Enter digital campaigns, which can be highly personalized. Which of the following do you think would lead to a higher response rate?
“Dear Will Smith: Congratulations, you are pre-approved for a car loan at rates as low as 2.49%. Visit our website to learn more.”
“Dear Will Smith: Congratulations on your car purchase last February! How has your 2018 Toyota Camry been treating you? We could save you $32 dollars a month or $2,084 over the remaining 66-month term of your loan. With just three clicks and one e-signature, we can pay off your Ally Financial loan and lower your rate from 5.49% to 2.49%. What are you waiting for?”
We’ve seen 311% conversion lifts through personalizing digital campaigns like this.
2. Build web and mobile experiences that convert. Rule No. 1 in conversion optimization is, “Don’t ask users for more information than necessary.” Yet, almost all CU websites require their members or potential members to provide 15 or more inputs before they finally get a firm refinance offer. Requiring such a high number of inputs is unnecessary and can lead to significant and painful drop-offs.
Rule No. 2 in conversion optimization is, “Leverage automation and—to the extent possible—remove gates that require human interaction.” But some credit unions’ loan origination systems still manage new credit applications through queues, which require manual steps by a loan processor.
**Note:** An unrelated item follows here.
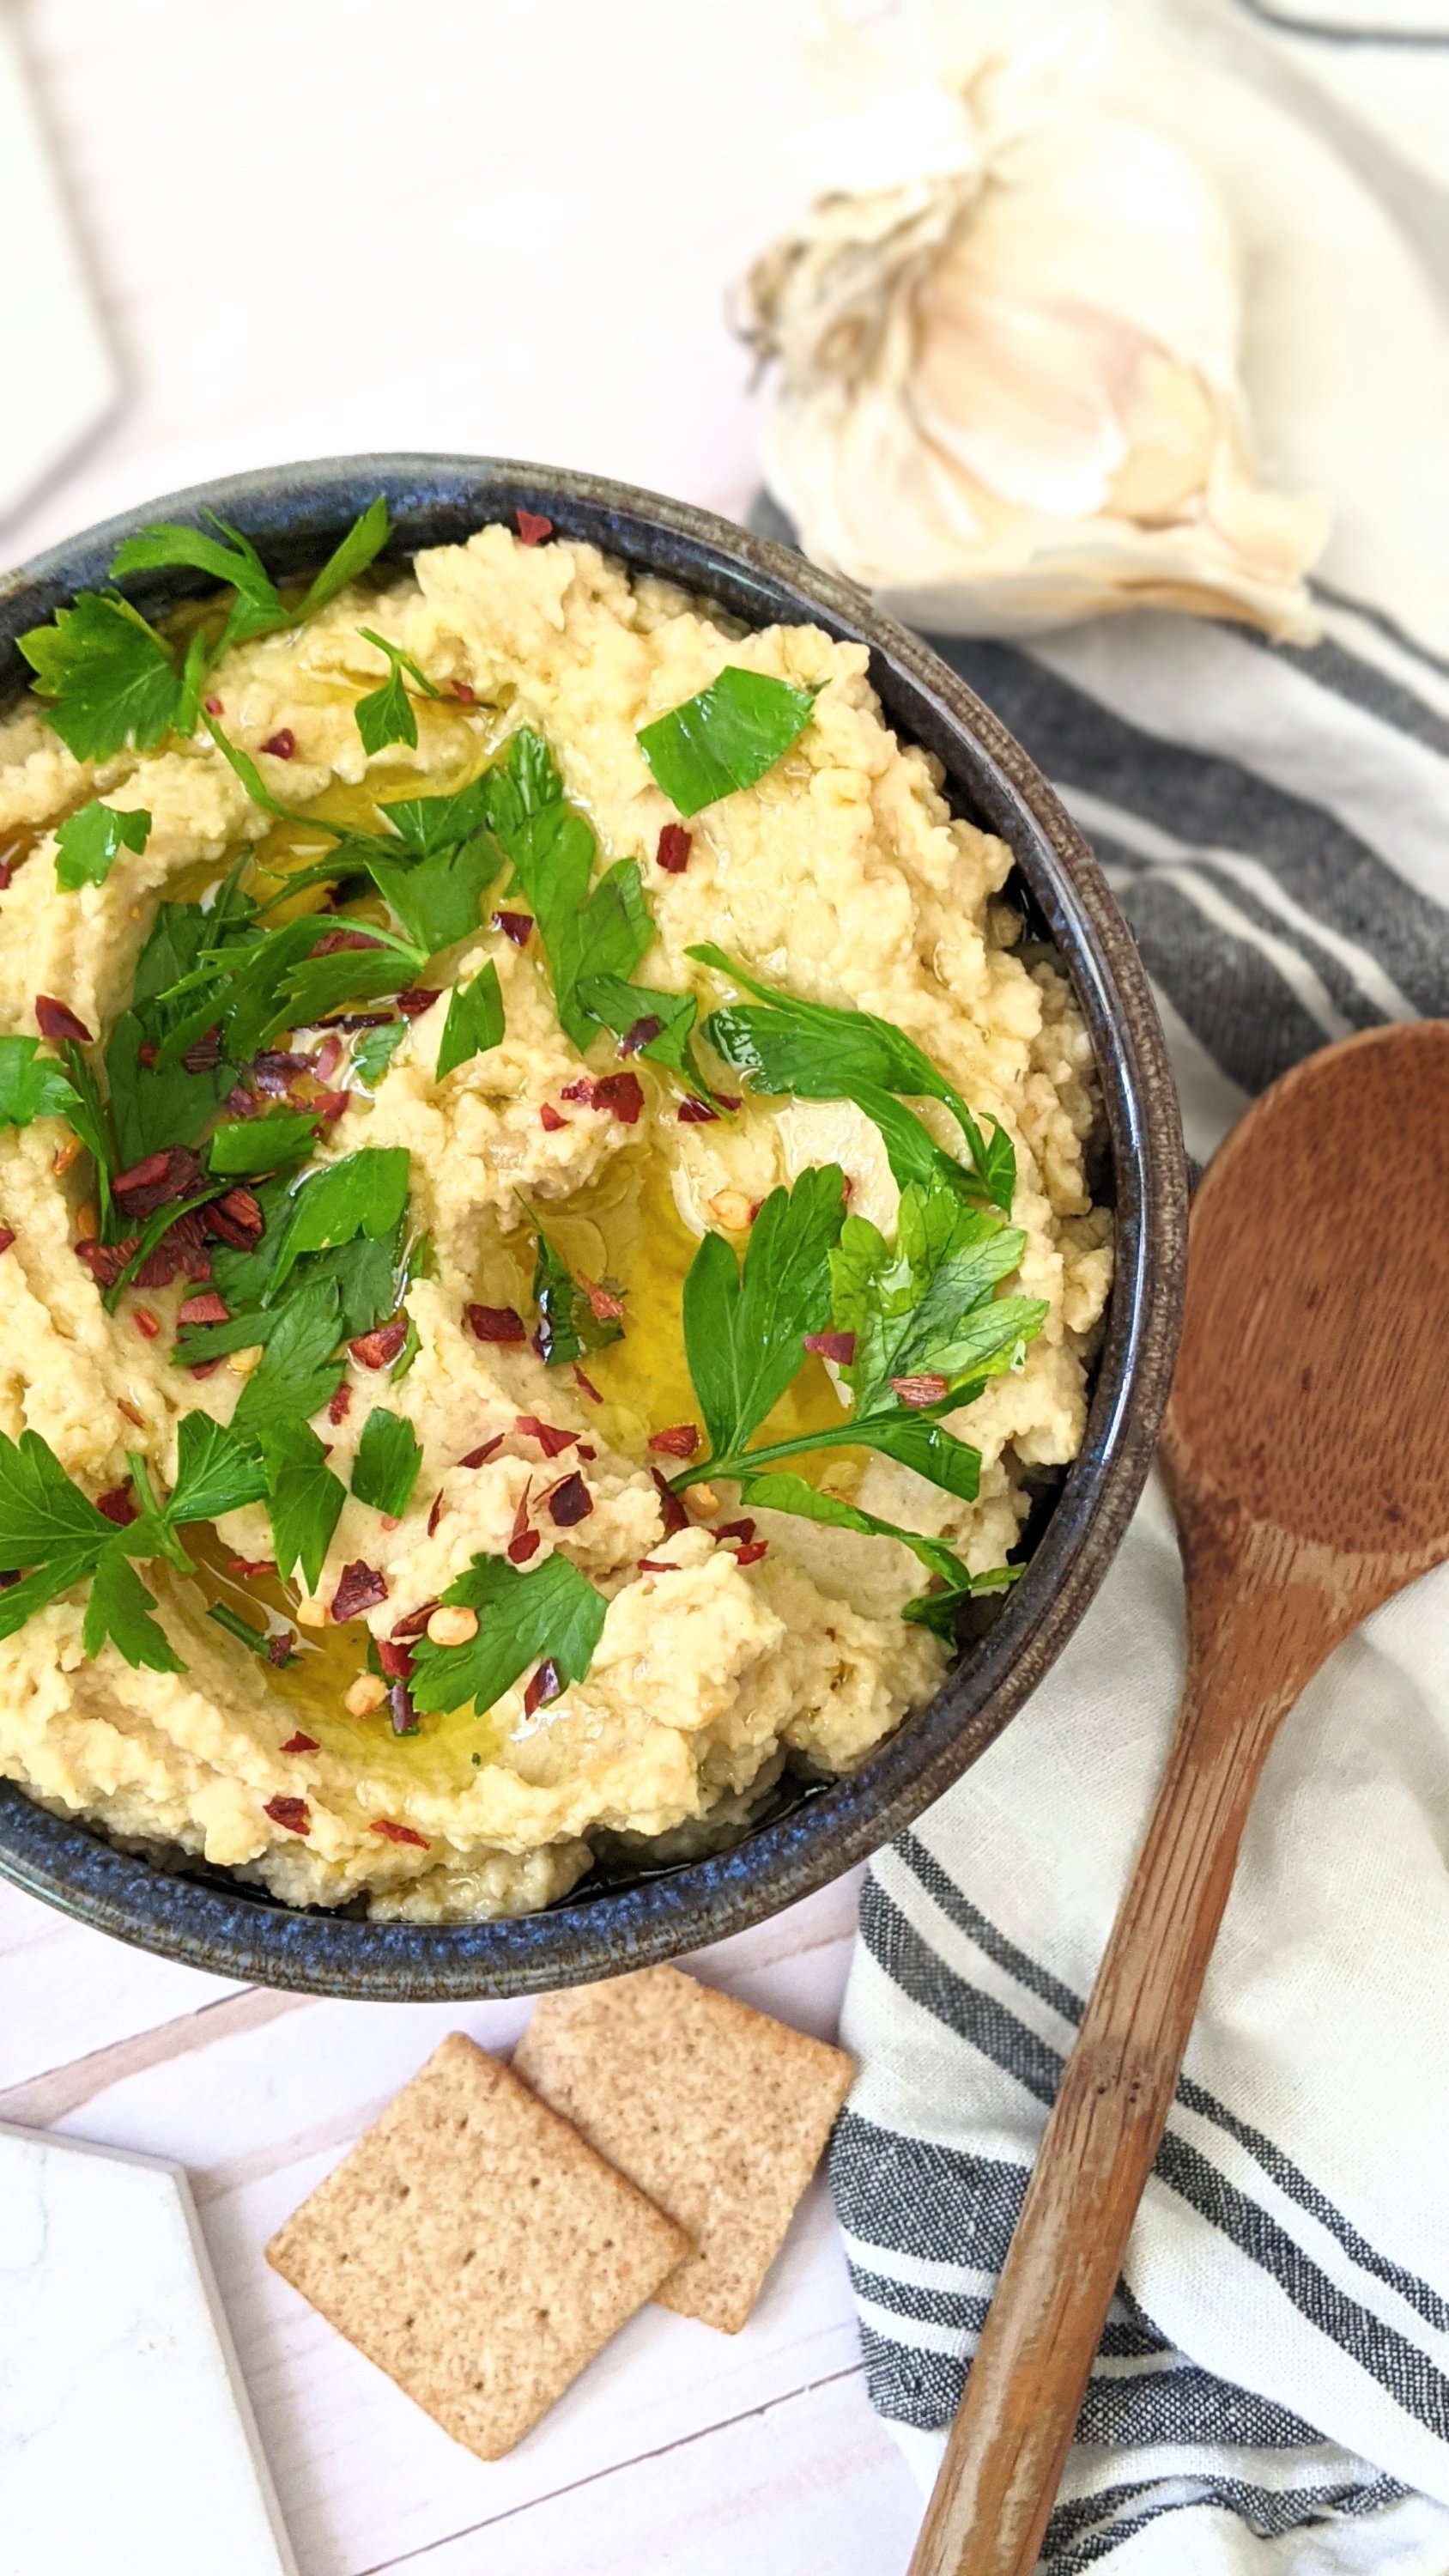 garlic hummus recipe with tahini recipes no cook snacks and appetizers for summer party gluten free plant based healthy recipes without cooking vegetarian and vegan recipes in food processor or blender recipes vegan

When marketing to their own members, CUs already know most of the information required to refinance. Any missing detail can be supplemented through application programming interface calls, i.e. automatically tapping into the LOS’s data fields or third-party data..
3. Scale workflows with technology. Once the avalanche of members who want to refinance their loan is in motion, credit unions will drown in queues and back-office work. Existing software may not take advantage of clever integrations, which reduce manual inputs and steps to a minimum. Take the Military Lending Act as an example:
According to the law, all lenders are required to check if an applicant is in the military to ensure the right thresholds are applied. If your LOS’s “integration” is a link to the MLA website, that’s a waste of credit union employee time and a productivity killer.
The government offers APIs that can be used to completely automate this repetitive task that takes minutes each time and wastes valuable employee time. The MLA is just one of many workflows that the traditional software may not support. Is it time for an overhaul in your shop?
In sum, credit unions have already solved the hard problem: They offer a superior product. The remaining challenge is to find effective ways to reach members, convert them through unparalleled digital experiences, and delight them through workflows that leverage technology and scale.
After getting his MBA at Stanford, Nicholas Hinrichsen started a digital car retailer in 2013. He and his co-founder, Christopher Coleman, raised $10 million in venture funding and sold the business to Carvana.com in 2017. Hinrichsen pioneered the Sell To Carvana business and enabled the digital retailer to source the majority of its inventory directly from consumers and 100% online. After leaving Carvana, Hinrichsen and Coleman dedicated their time to helping Americans lower their car ownership expenses and started WithClutch. The two entrepreneurs find that supporting credit unions in digitizing member engagement is the most effective way to fulfill that mission.